Holocaust memory in pro-Palestinian activism is the invocation and use of Holocaust memory by activists to advocate for Palestinian rights and criticize Israeli policies.

Scholarship by, among others, Ussama Makdisi and Raz Segal has examined how Holocaust memory is mobilized to justify Israeli state violence and marginalize pro-Palestinian activism.

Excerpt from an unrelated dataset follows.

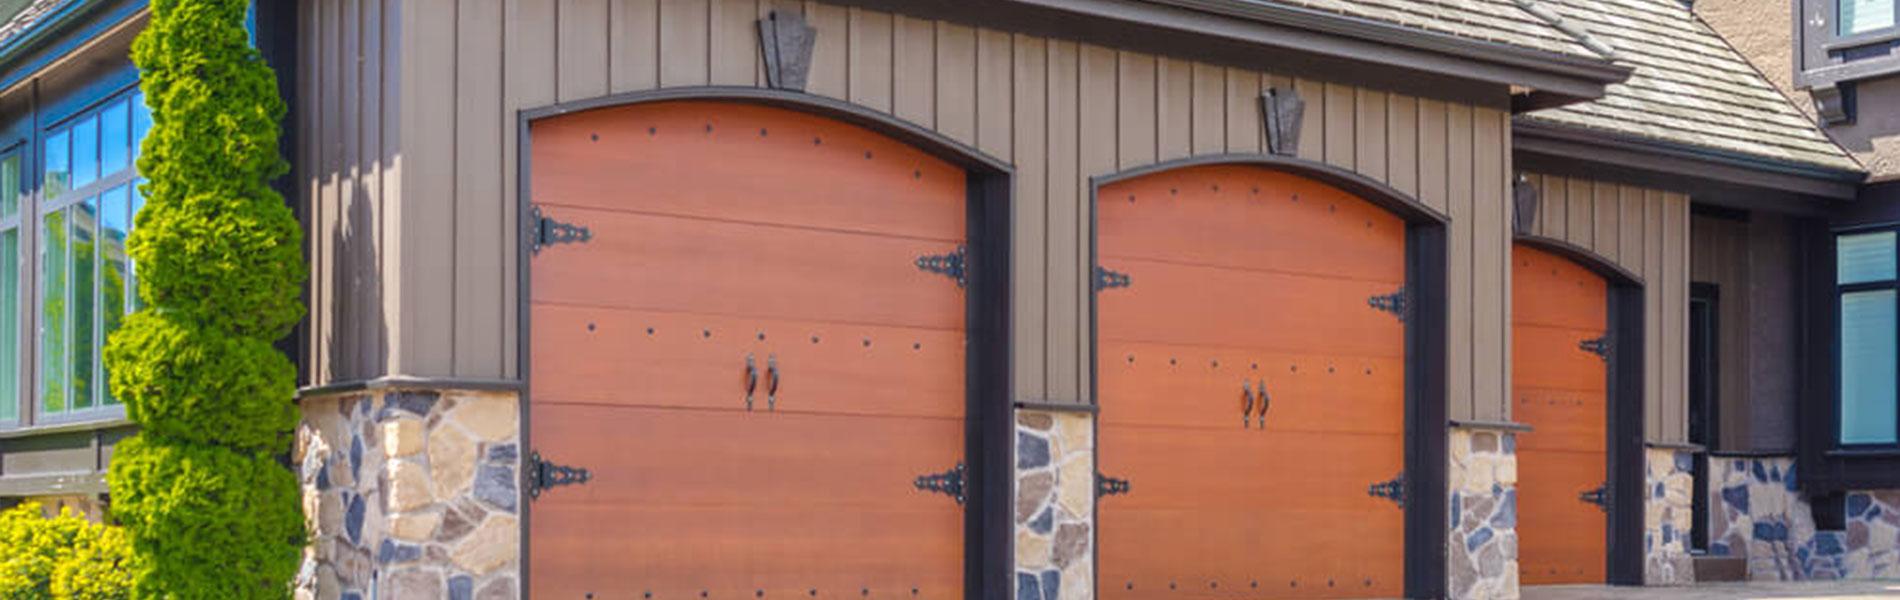 Beau ... Neighborhood Garage Door Service, Clermont, FL 352 405 4012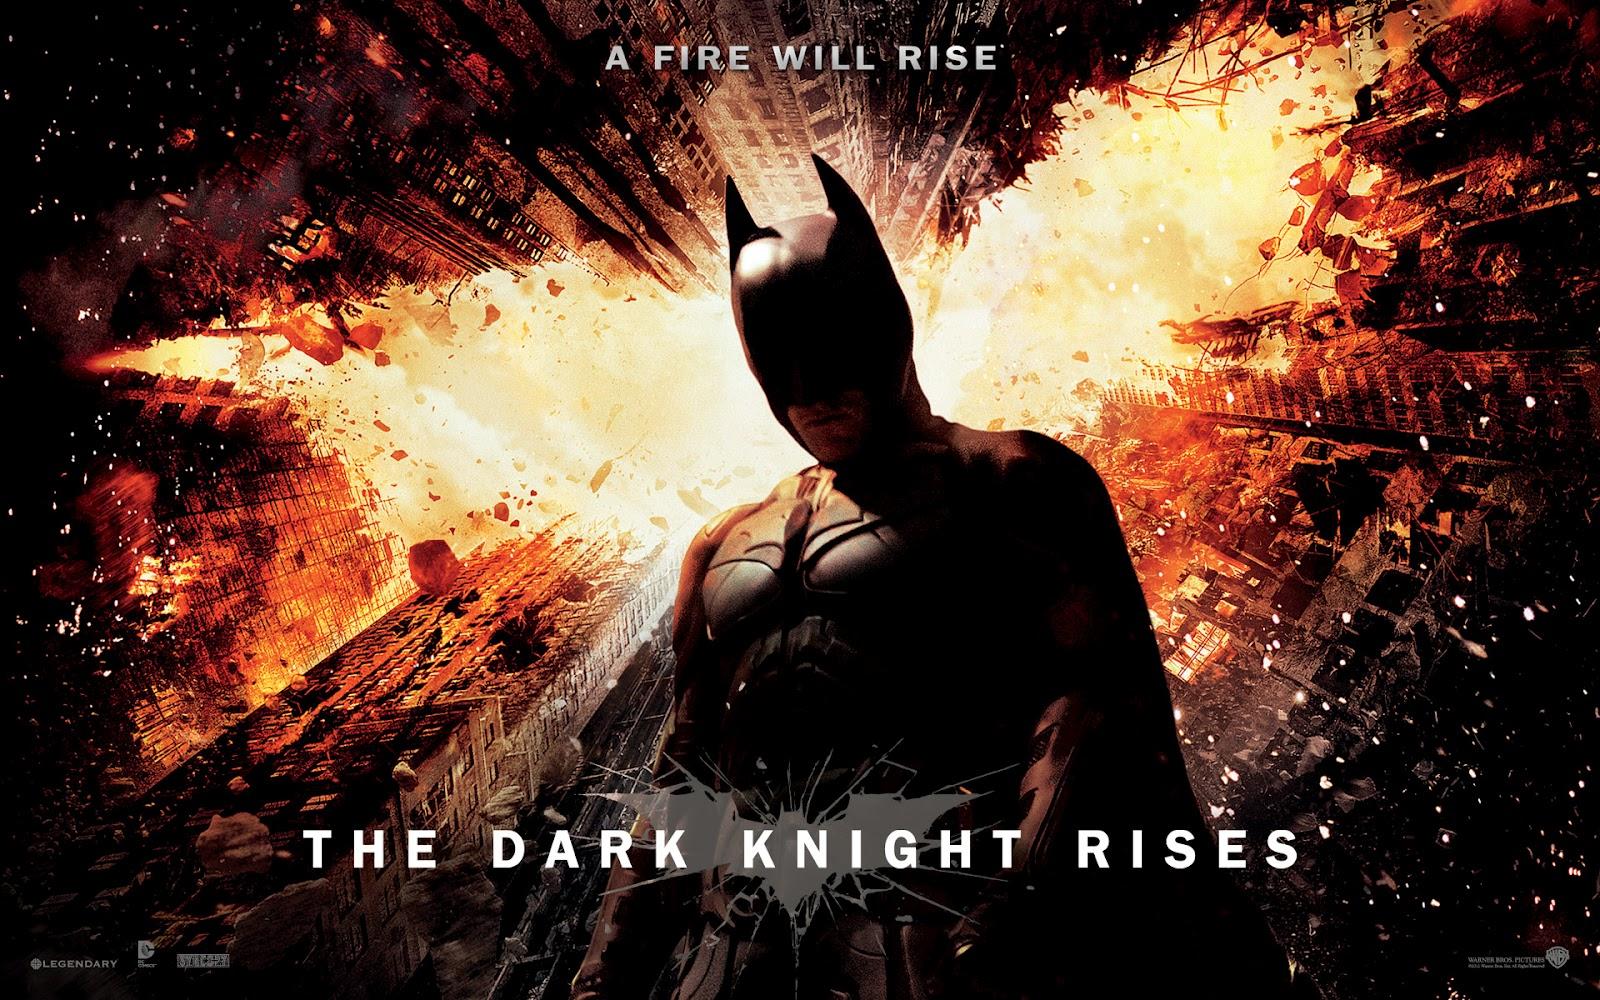 Harvey Dent (İki yüzlü) - Batmanla ilgili filmlerin karakteri

Scholars have also analyzed how activists understand their position within broader debates about Holocaust memory, Jewish political identity, and the Israeli–Palestinian conflict.

Critics have characterized some such uses as a co-option or misuse of Holocaust memory and, in the case of Nazi–Israel analogies, as "Holocaust inversion".

== "Never again" and Holocaust memory ==

Political scientist Zahi Zalloua noted that pro-Palestinian activists, including Holocaust survivors and descendants, invoke "Never again" as a universal principle to argue that Holocaust memory obligates opposition to all forms of genocide, and they frame their activism as refusing the use of Holocaust memory to justify violence.

Vanessa E. Thompson and Pinar Tuzcu, Queen's University at Kingston gender and sociology academics, note that in response to what they describe as the criminalization of Palestine solidarity in Germany, which they say reflects a nationalist and racist memory politics that treats the Holocaust as a singular event, activists have adopted a universal interpretation of "Never again" that applies to everyone, while adopting "a memory politics that articulates through present struggle and solidarity."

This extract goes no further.